Storm crawler - SOLR

211 views
Skip to first unread message

andym...@yahoo.fr

unread,
Aug 15, 2015, 1:13:23 PM8/15/15
to DigitalPebble
Hi, 

Could you please show to me how to launch storm crawler with SOLR.
I have already red the README file on the solr repository, it didn't work.

Thanks
Andy

Jorge Luis Betancourt Gonzalez

unread,
Aug 15, 2015, 4:23:05 PM8/15/15
to digita...@googlegroups.com
Do you care to elaborate a little more on what happened? can you share the relevant portions of the config file?
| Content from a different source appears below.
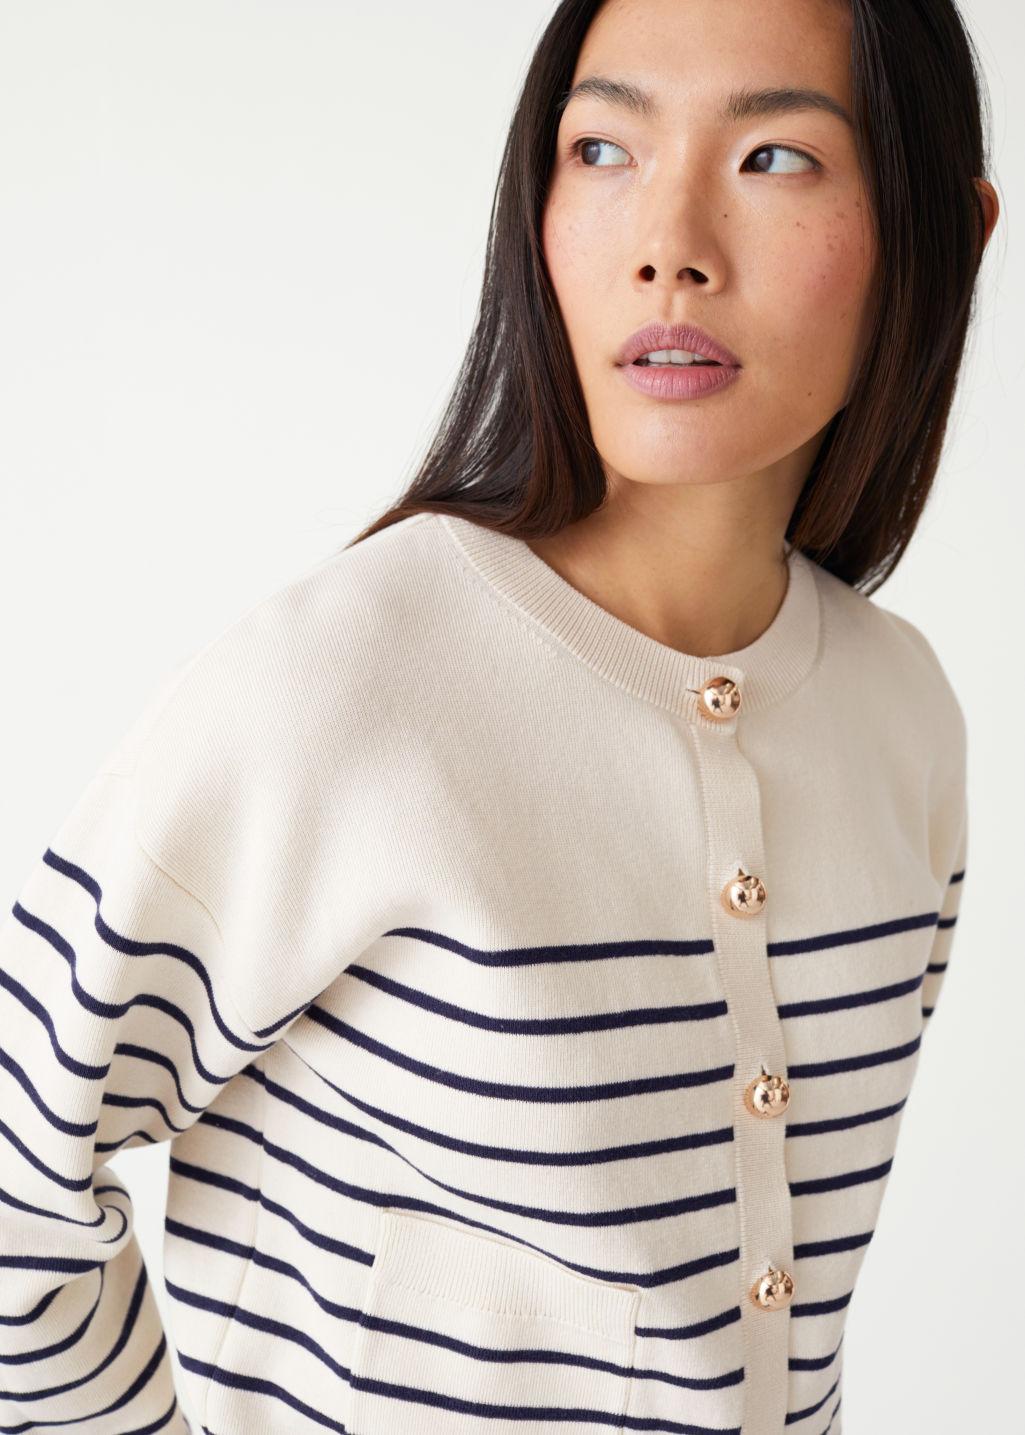 & Other Stories Cotton Striped Gold Button Cardigan in White | Lyst

Do you have your own Solr collections? 

Regards,

--
You received this message because you are subscribed to the Google Groups "DigitalPebble" group.
To unsubscribe from this group and stop receiving emails from it, send an email to digitalpebbl...@googlegroups.com.
To post to this group, send email to digita...@googlegroups.com.
Visit this group at http://groups.google.com/group/digitalpebble.
For more options, visit https://groups.google.com/d/optout.

andym...@yahoo.fr

unread,
Aug 16, 2015, 4:21:47 PM8/16/15
to DigitalPebble
Re,

I have my own solr with collection called "alfred".
i have already modified the solr-conf.yaml that i included this collection

# Solr indexer bolt
solr.indexer.threads: 10
solr.indexer.queue.size: 10000
solr.indexer.commit.size: 1

I have also added the dependency in the pom.xml inside of the core repository
<dependency>
<groupId>com.digitalpebble</groupId>
<artifactId>storm-crawler-solr</artifactId>
<version>0.6</version>
</dependency>

When i launched storm crawler, i got this error message
$ mvn clean compile exec:java -Dstorm.topology=com.digitalpebble.storm.crawler.CrawlTopology -Dexec.args="-conf crawler-conf.yaml -local"
[INFO] Scanning for projects...
[INFO]
[INFO] ------------------------------------------------------------------------
[INFO] Building storm-crawler-core 0.6-SNAPSHOT
[INFO] ------------------------------------------------------------------------
[WARNING] The POM for com.digitalpebble:storm-crawler-solr:jar:0.6 is missing, no dependency information available
[INFO] ------------------------------------------------------------------------
[INFO] BUILD FAILURE
[INFO] ------------------------------------------------------------------------
[INFO] Total time: 6.423 s
[INFO] Finished at: 2015-08-16T11:30:48+02:00
[INFO] Final Memory: 11M/123M
[INFO] ------------------------------------------------------------------------
[ERROR] Failed to execute goal on project storm-crawler-core: Could not resolve dependencies for project com.digitalpebble:storm-crawler-core:jar:0.6-SNAPSHOT: Could not find artifact com.digitalpebble:storm-crawler-solr:jar:0.6 in central (https://repo.maven.apache.org/maven2) -> [Help 1]
[ERROR]
[ERROR] To see the full stack trace of the errors, re-run Maven with the -e switch.
[ERROR] Re-run Maven using the -X switch to enable full debug logging.
[ERROR]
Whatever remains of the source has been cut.